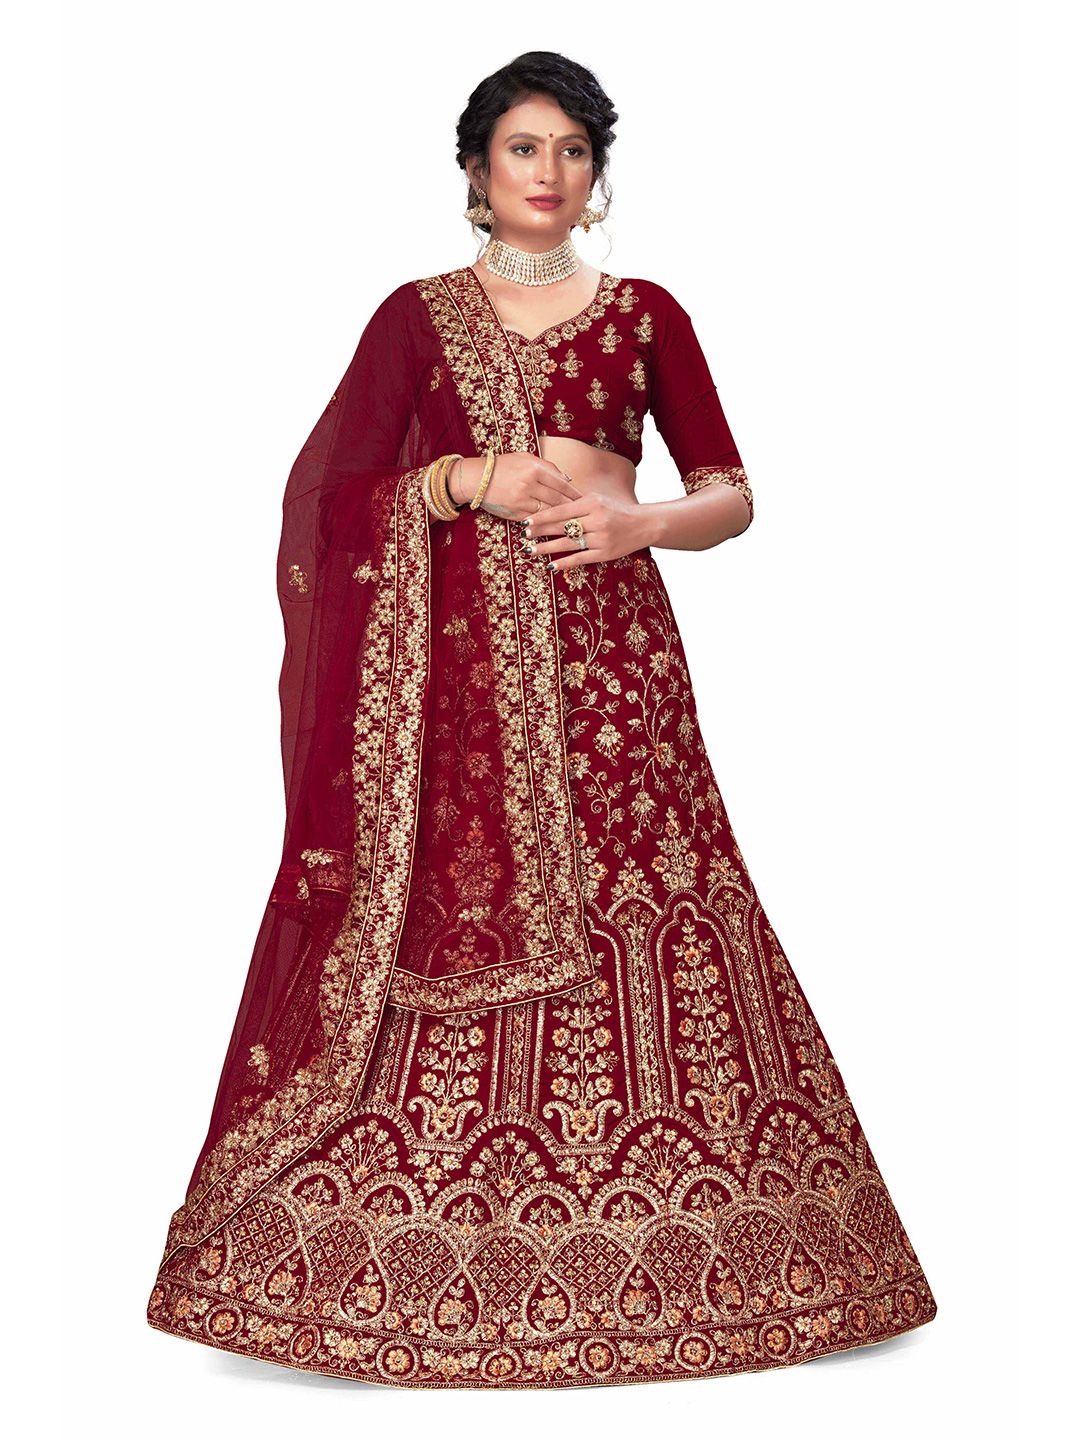 MANVAA Embroidered Beads and Stones Semi-Stitched Lehenga & Unstitched Blouse With Dupatta Price in India
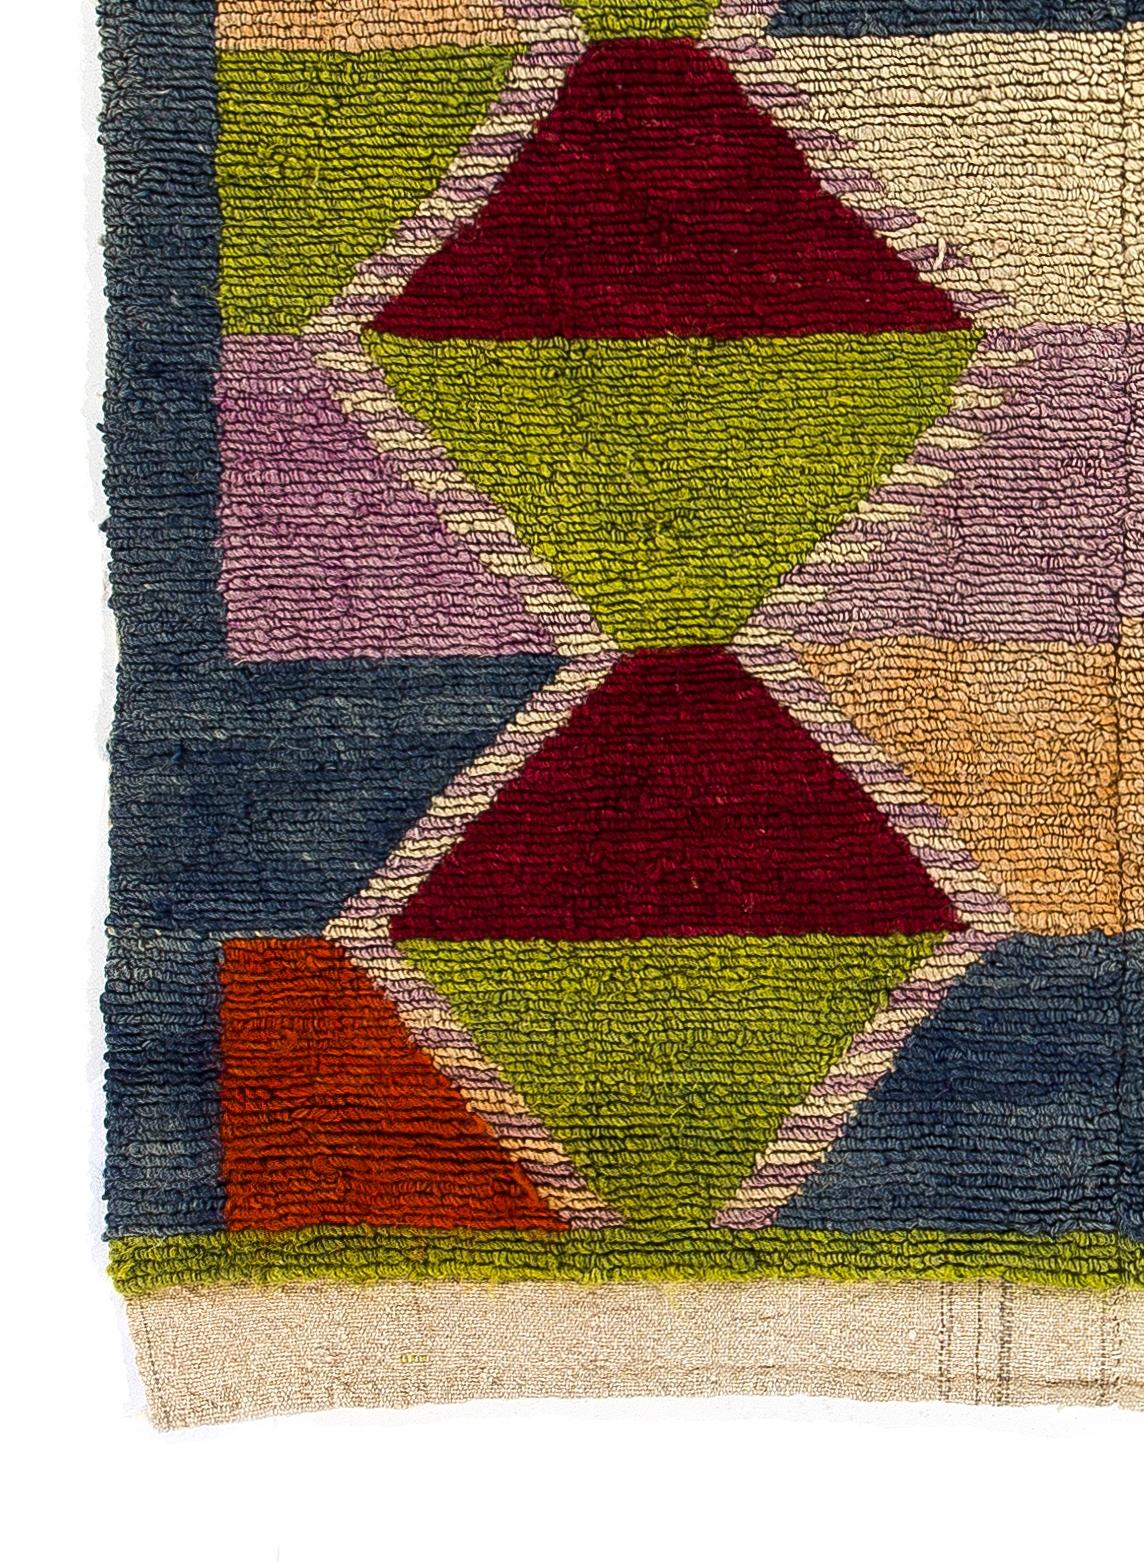 Hand-Knotted 3.7x4.6 Ft Colorful Unique Vintage Tulu Rug, Shaggy Wall Hanging, Decorative Art For Sale
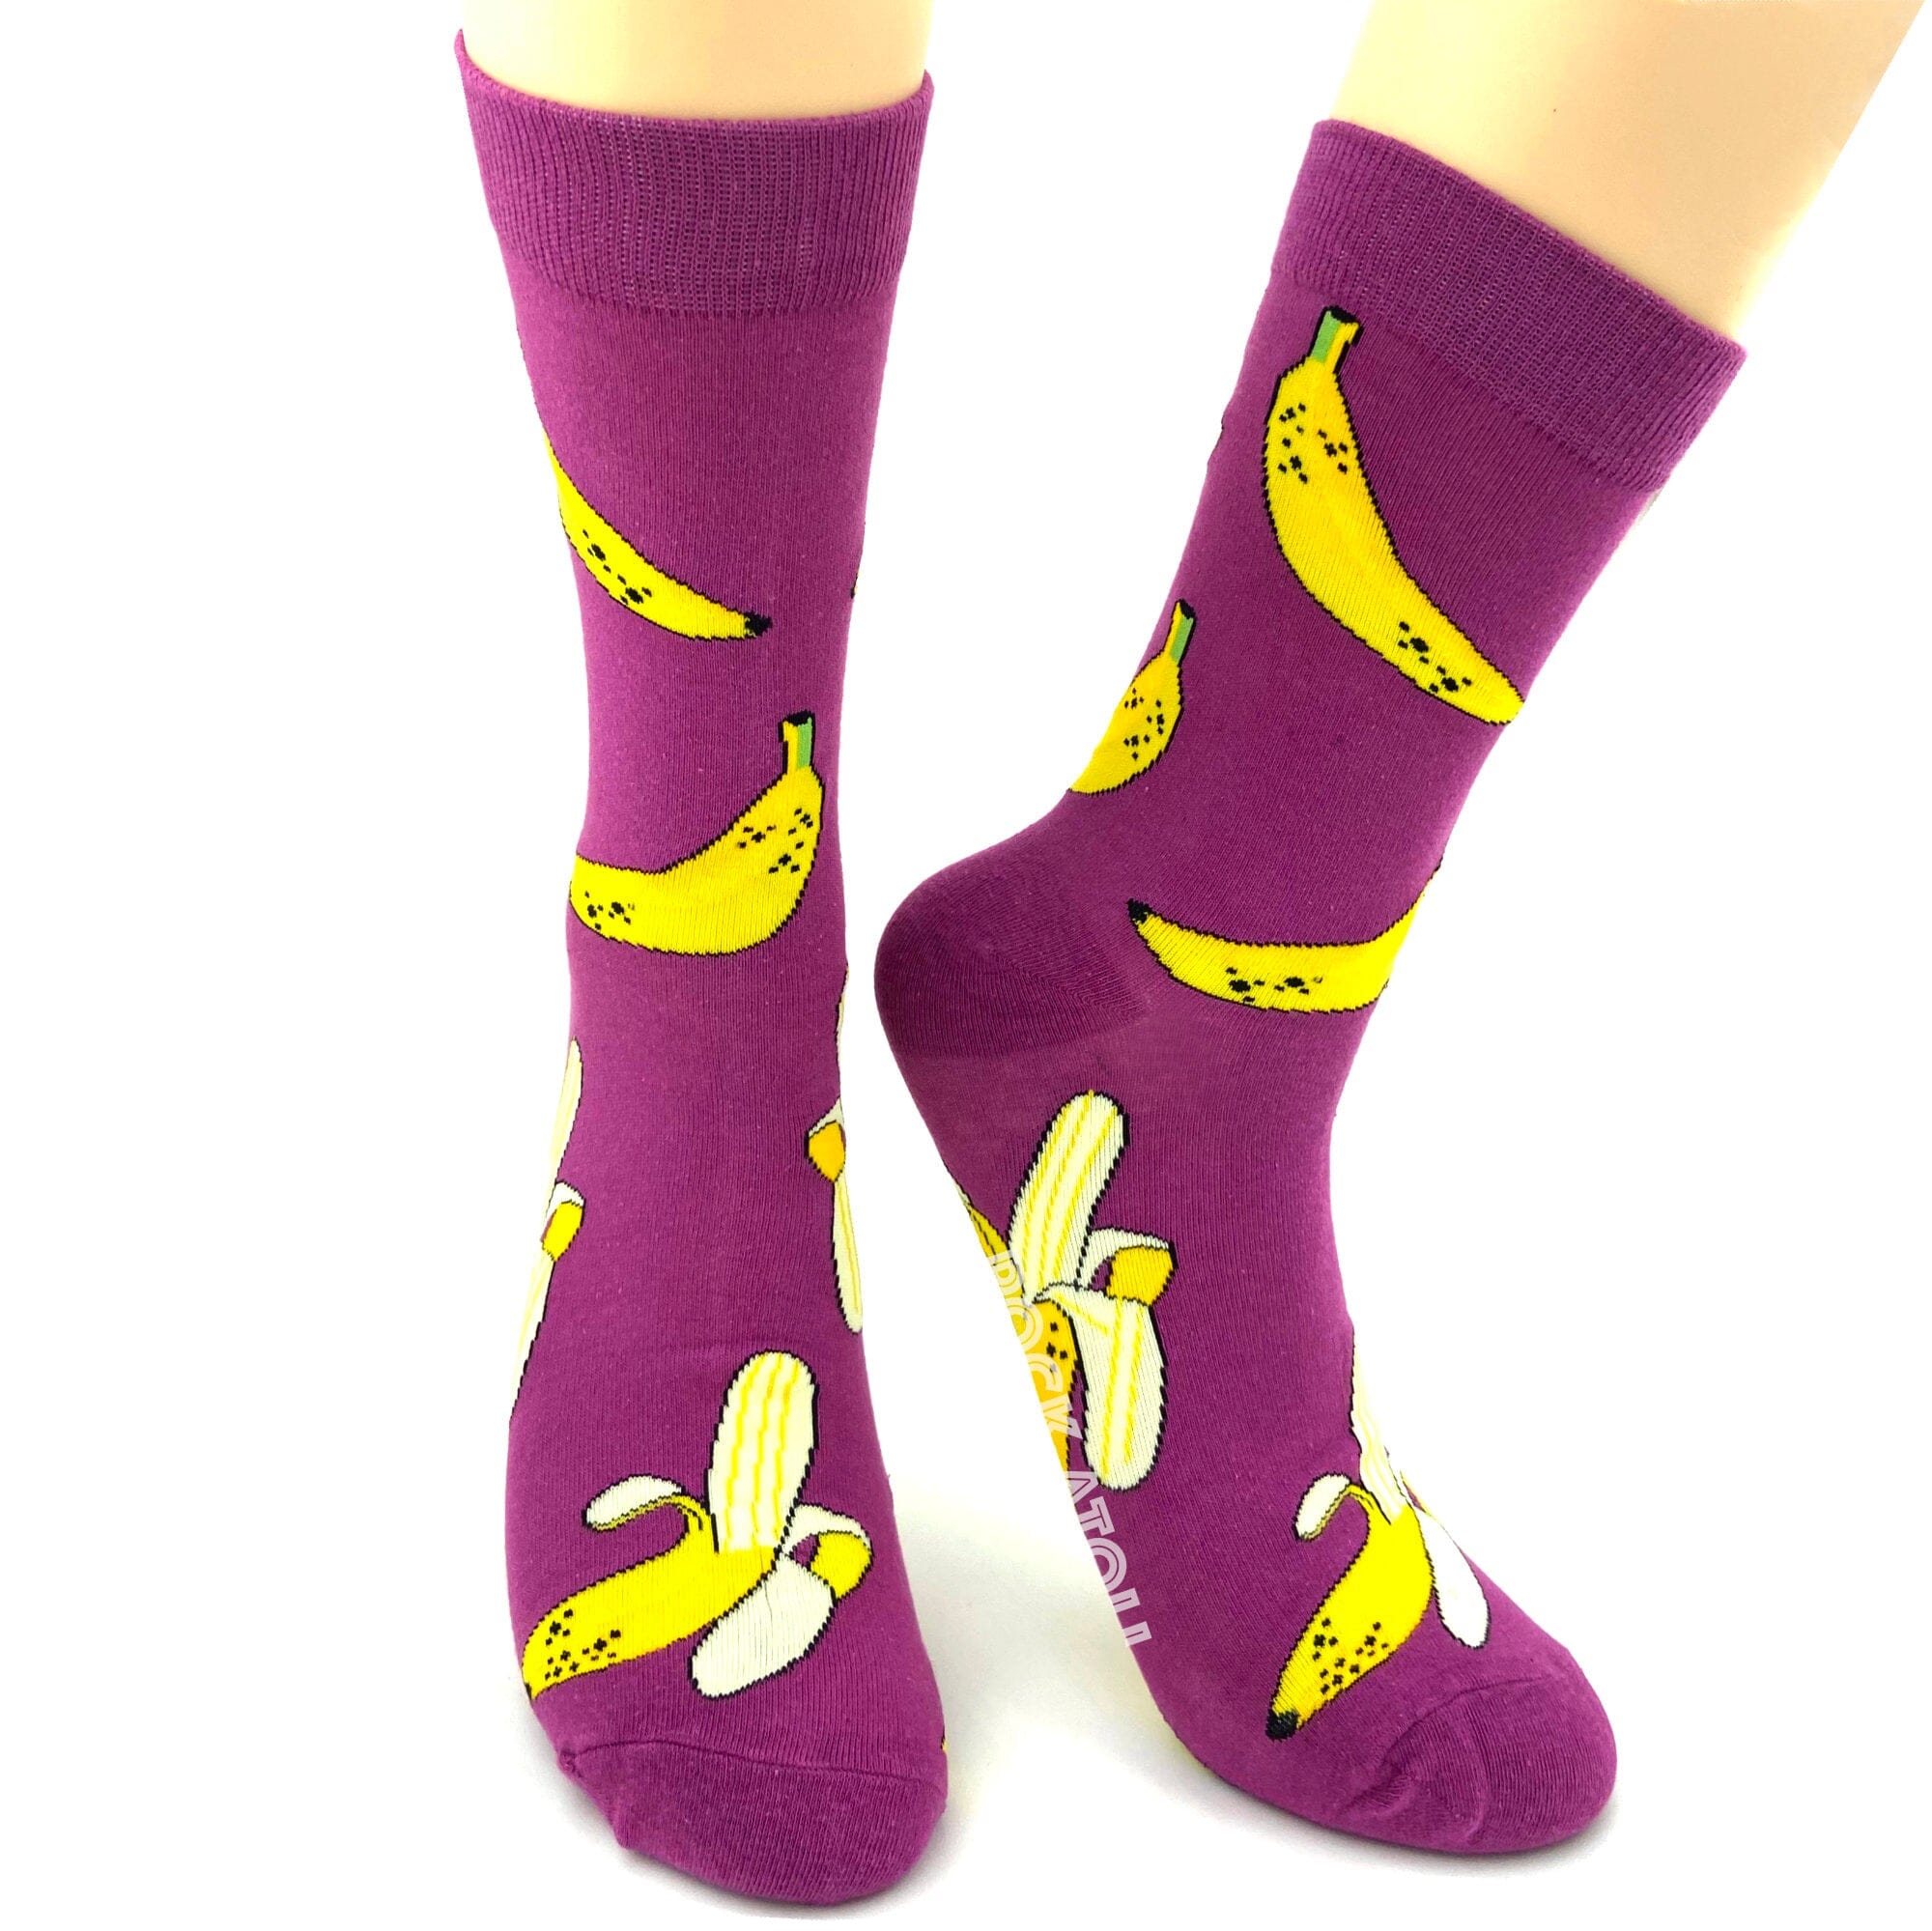 Colorful Fruity Banana Peel Patterned Durable Stretch Novelty Socks
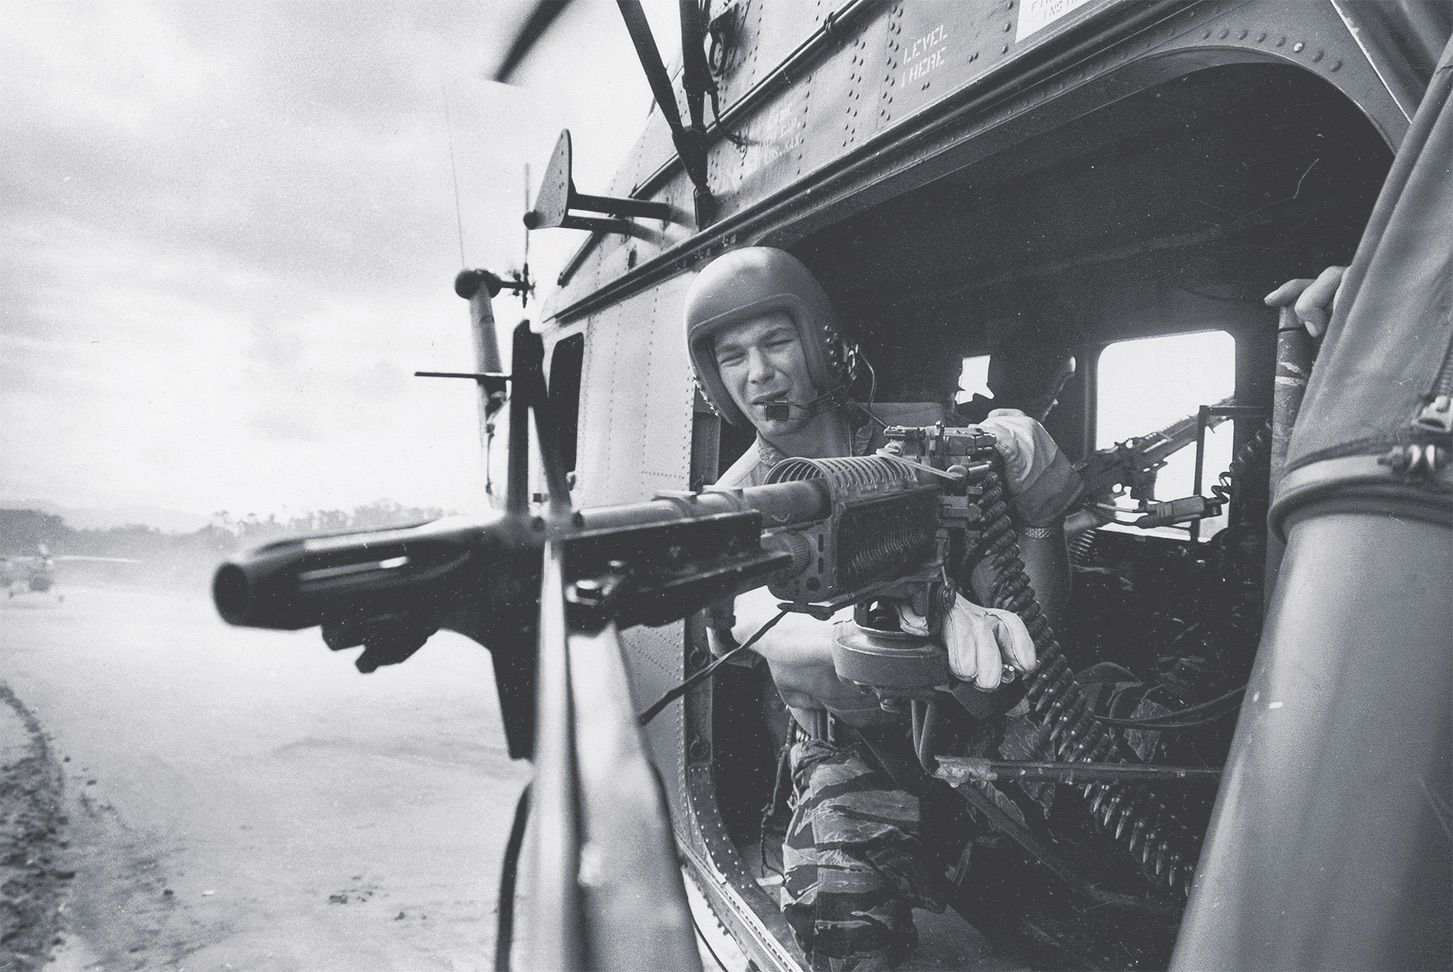 Marine Lance Cpl. James C. Farley fires an M60 machine gun from a helicopter near Da Nang on March 31, 1965. Larry Burrows/The Life Picture Collection via Getty Images.

====

• **Aim of the exercise**
A faithful copy of the data above is wanted, with every image left out.

• **Exercise response**
 MANVAA Embroidered Beads and Stones Semi-Stitched Lehenga & Unstitched Blouse With Dupatta Price in India
 Hand-Knotted 3.7x4.6 Ft Colorful Unique Vintage Tulu Rug, Shaggy Wall Hanging, Decorative Art For Sale
 Colorful Fruity Banana Peel Patterned Durable Stretch Novelty Socks
 Marine Lance Cpl. James C. Farley fires an M60 machine gun from a helicopter near Da Nang on March 31, 1965. Larry Burrows/The Life Picture Collection via Getty Images.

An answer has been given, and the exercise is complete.